We tested CMAP on the CASP12 RR (Residue-Residue) benchmark [62], which is composed of 37 protein chains/domains of the Free Modeling class (FM), i.e. protein targets for which no obvious protein homologs could be found at the time of the experiment (May-August 2016). To ensure a fair comparison with the predictors which participated in CASP12, we performed the benchmark in the same conditions to which all the other predictors where subjected at the time of the CASP experiment. We made sure that all protein structures (from Apr, 2016) in the training set (Apr, 2016) and sequences (from Feb, 2016) in the HHblist HMM and UniRef100 databases were released before CASP12 started.

To test SS-RSA, we calculated the secondary structure (SS) and the Relative accessible Surface Area (RSA) with DSSP 2.0.4 [63]. We reduced the eight SS classes (G, H, I, E, B, S, T, C) to the more common three classes: Coil, Helix, Extended (C, H, E). We used the theoretical Maximum Accessibility Surface Area (Max ASA) defined in [64] to calculate the RSA from the absolute surface areas (ASA) in the DSSP output and we used [0, 0.04], (0.04, 0.25], (0.25, 0.5], (0.5, 1] as thresholds for the four-class RSA predictions (Buried, Partially Buried, Partially Accessible, Accessible), and [0, 0.25], (0.25, 1] as thresholds for the two-class RSA predictions (Buried, Accessible). We discarded the proteins for which DSSP could not produce an output, as well as those that had irregularities in their PDB formats. The final set contained 9,680 protein chains.

2.4.4 Quality measures.

The measure of the performance of the trained ensemble of SS-RSA networks is the three-class accuracy (Q3) for SS and the four-class and two-class accuracy for RSA, which are calculated by dividing the number of correctly classified residues by the total number of residues in the dataset.

CMAP predictions for the CASP12 RR benchmark set were evaluated in accordance with the CASP criteria by calculating the accuracy of the top L/5 predicted long-range contacts, where L is the length of the protein, and the long-range contacts are contacts between residues with sequence separation distance over 23.

2.4.5 Ensembling.

Ensembling models usually yield a consensus model that performs better than any of the networks included in the ensemble [65]. Several networks both for CMAP and SS-RSA have been trained with different parameters (see “Results” section).

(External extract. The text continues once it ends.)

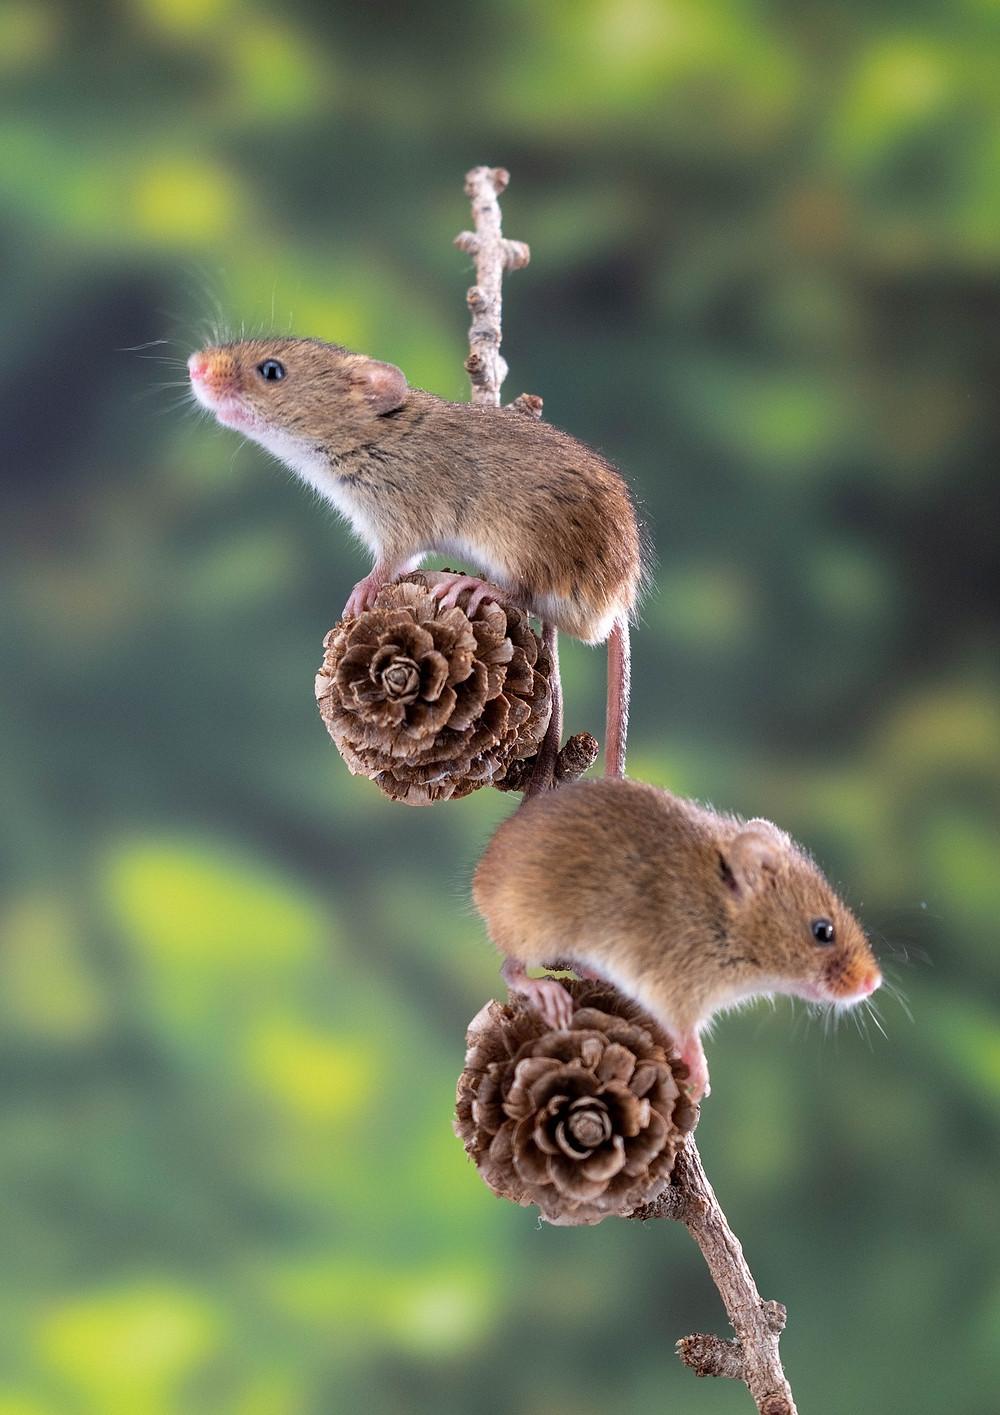 Les deux souris et le bidon de lait, métaphore, hypnose, thérapie

Even though some models have worse performances on average, they are still saved. All the saved models that have been trained on the same set are used at testing time. The outputs from each model are ensembled to determine the final output. This is done by averaging all outputs from the softmax units and selecting the final class by picking the class with the highest average probability.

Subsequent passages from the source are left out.